Nominations for LOTM - November 2018 is now open.

Go ahead and nominate *one* member journal that has caught your eye! :thumbup:

When nominating, please link to both the member journal and the photo you want to appear below.

Nominations:

1) @ChadStokes - Journal









2) @Shindoman - Journal









3) @DR_GREENTHUMB - Journal









4) @Budstl - Journal









5) @fusebox7 - Journal









6) @Fistertondeluxe - Journal


----------



## Powhatan (Dec 15, 2017)

I nominate @ChadStokes - with many renovation hurdles, he achieved a great looking lawn :thumbup:

https://thelawnforum.com/viewtopic.php?f=27&t=3840&start=120#p114863


----------



## Alex1389 (May 23, 2018)

@Shindoman definitely deserves a nomination here.

https://thelawnforum.com/viewtopic.php?f=27&t=3945&start=20


----------



## tcorbitt20 (Aug 31, 2018)

I nominate @DR_GREENTHUMB

https://thelawnforum.com/viewtopic.php?f=26&t=5939&start=20


----------



## social port (Jun 19, 2017)

@Budstl Three words: KBG, T'Zone, Stripes :thumbup: 
Journal


----------



## DR_GREENTHUMB (May 24, 2018)

tcorbitt20 said:


> I nominate @DR_GREENTHUMB
> 
> https://thelawnforum.com/viewtopic.php?f=26&t=5939&start=20


Thank you for the nomination, it's been a great year of knowledge and learning from you all. Thanks!


----------



## Greyleafspot (Oct 16, 2018)

@BakerGreenLawnMaker deserves a nomination. St aug mowed with a reel mower!


----------



## ericgautier (Apr 22, 2017)

@Greyleafspot does @BakerGreenLawnMaker have a Member Journal?


----------



## Budstl (Apr 19, 2017)

Thank you @social port for the nomination.


----------



## ChadStokes (Jun 21, 2018)

@Powhatan Thank you for the kind words and recommendation! I felt like I was against all odds to pull it off and I'm extremely happy with the outcome being it was the very first time doing a renovation!
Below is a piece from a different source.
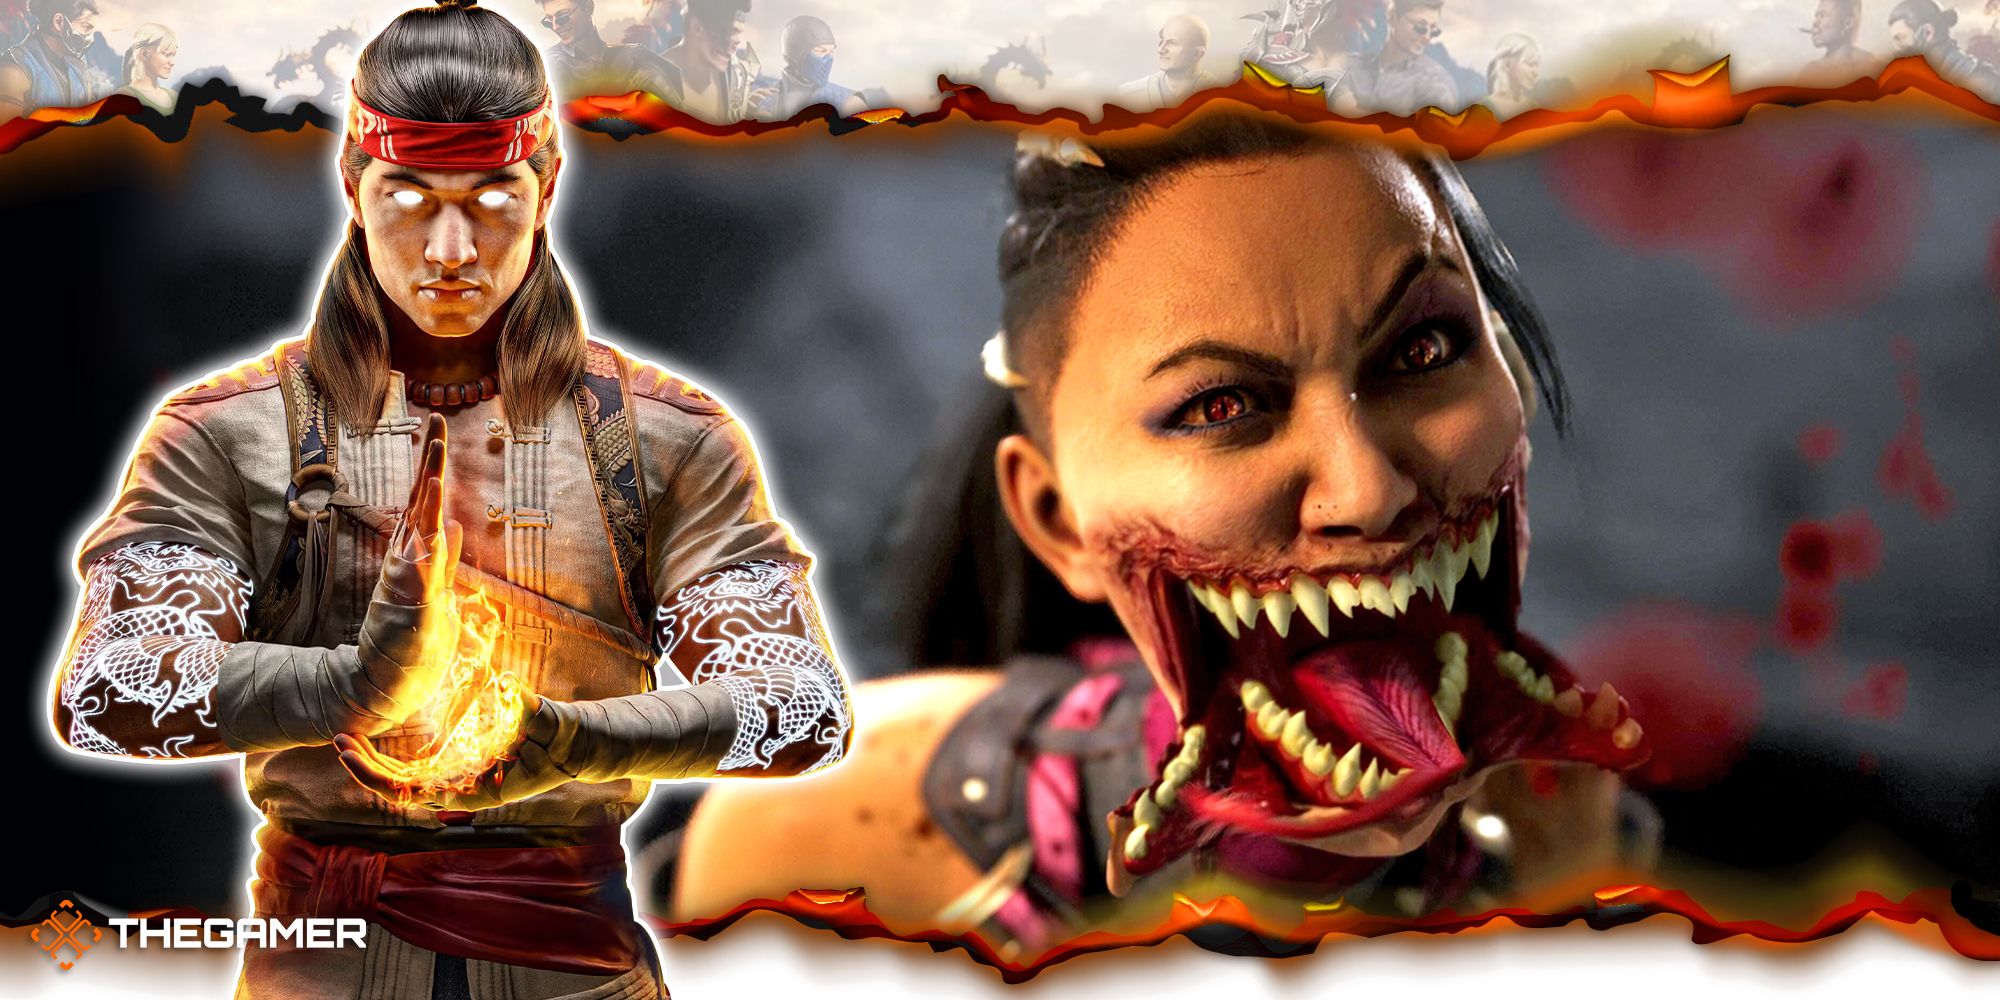 Mortal Kombat Movie: Get a Closer Look at Mileena, Kung Lao, and

This forum has been very helpful along the way!


----------



## Greyleafspot (Oct 16, 2018)

ericgautier said:


> @Greyleafspot does @BakerGreenLawnMaker have a Member Journal?


I don't know.


----------



## Greyleafspot (Oct 16, 2018)

ericgautier said:


> @Greyleafspot does @BakerGreenLawnMaker have a Member Journal?


I sent him a message and asked


----------



## Shindoman (Apr 22, 2018)

@Alex1389 Thank you so much for the nomination.


----------



## ericgautier (Apr 22, 2017)

Last call!

Voting starts tomorrow.


----------



## JDgreen18 (Jun 14, 2018)

I nominate @fusebox7 he has a journal but Im not sure how to link it


----------



## Ware (Jan 28, 2017)

I nominate @Fistertondeluxe

Lawn Journal


----------



## ericgautier (Apr 22, 2017)

Poll is up!


----------



## BakerGreenLawnMaker (Mar 13, 2018)

ericgautier said:


> @Greyleafspot does @BakerGreenLawnMaker have a Member Journal?


Unfortunately, I do not have a Lawn Journal.


----------



## BakerGreenLawnMaker (Mar 13, 2018)

Greyleafspot said:


> @BakerGreenLawnMaker deserves a nomination. St aug mowed with a reel mower!


Thanks for the nomination! Means a lot man!


----------



## fusebox7 (Jul 27, 2017)

JDgreen18 said:


> I nominate @fusebox7 he has a journal but Im not sure how to link it


Thank you!  My lawn is headed for its long winter nap. See you guys around next year! I'm sure I'll post some things here and there but nothing as exciting as mowing every d@fusebox7

Last mowing (nothing cut but leaves): https://thelawnforum.com/viewtopic.php?f=27&p=116657#p116657


----------



## pennstater2005 (Jul 17, 2017)

All beautiful lawns but I'm gonna guess no run off this month!


----------



## Ware (Jan 28, 2017)

I suspect this will be a record victory margin.


----------



## ericgautier (Apr 22, 2017)

Ware said:


> I suspect this will be a record victory margin.


It is looking like it.


----------



## Ware (Jan 28, 2017)

Congrats @Shindoman! :thumbup:


----------



## Alex1389 (May 23, 2018)

Well deserved @Shindoman!


----------



## Pete1313 (May 3, 2017)

Congrats @Shindoman! Beautiful! :thumbsup:


----------



## Shindoman (Apr 22, 2018)

Thank you very much everyone! This makes up for all the aching muscles from top dressing sand.


----------



## social port (Jun 19, 2017)

Congrats to you, @Shindoman . Probably going to take a victory lap in your VW.


----------



## Redtenchu (Jan 28, 2017)

Congratulations, it's a beautiful property!


----------



## pennstater2005 (Jul 17, 2017)

Well deserved @Shindoman!! Lawn is beautiful the view is just ok :lol:


----------



## SNOWBOB11 (Aug 31, 2017)

Well done @Shindoman.


----------



## DR_GREENTHUMB (May 24, 2018)

Congrats! @Shindoman

I knew once I saw the pics of your beautiful lawn who was going to win, looks like a beautiful view as well!


----------



## Suburban Jungle Life (Mar 1, 2018)

Congrats!! Well deserved and with grass types most on TLF don't want to boot!!! Lawn looks great!!


----------



## Shindoman (Apr 22, 2018)

Winning Lawn of the Month pays off big time!
Thanks @Ware


----------



## dacoyne (May 27, 2018)

That lawn of the month sticker is very rare I hear, nice!


----------



## Ware (Jan 28, 2017)

dacoyne said:


> That lawn of the month sticker is very rare I hear, nice!


It's actually a magnet! :bandit:


----------



## dacoyne (May 27, 2018)

Ware said:


> dacoyne said:
> 
> 
> > That lawn of the month sticker is very rare I hear, nice!
> ...


Awww come on, it just keeps getting better! I need that, must step up my game


----------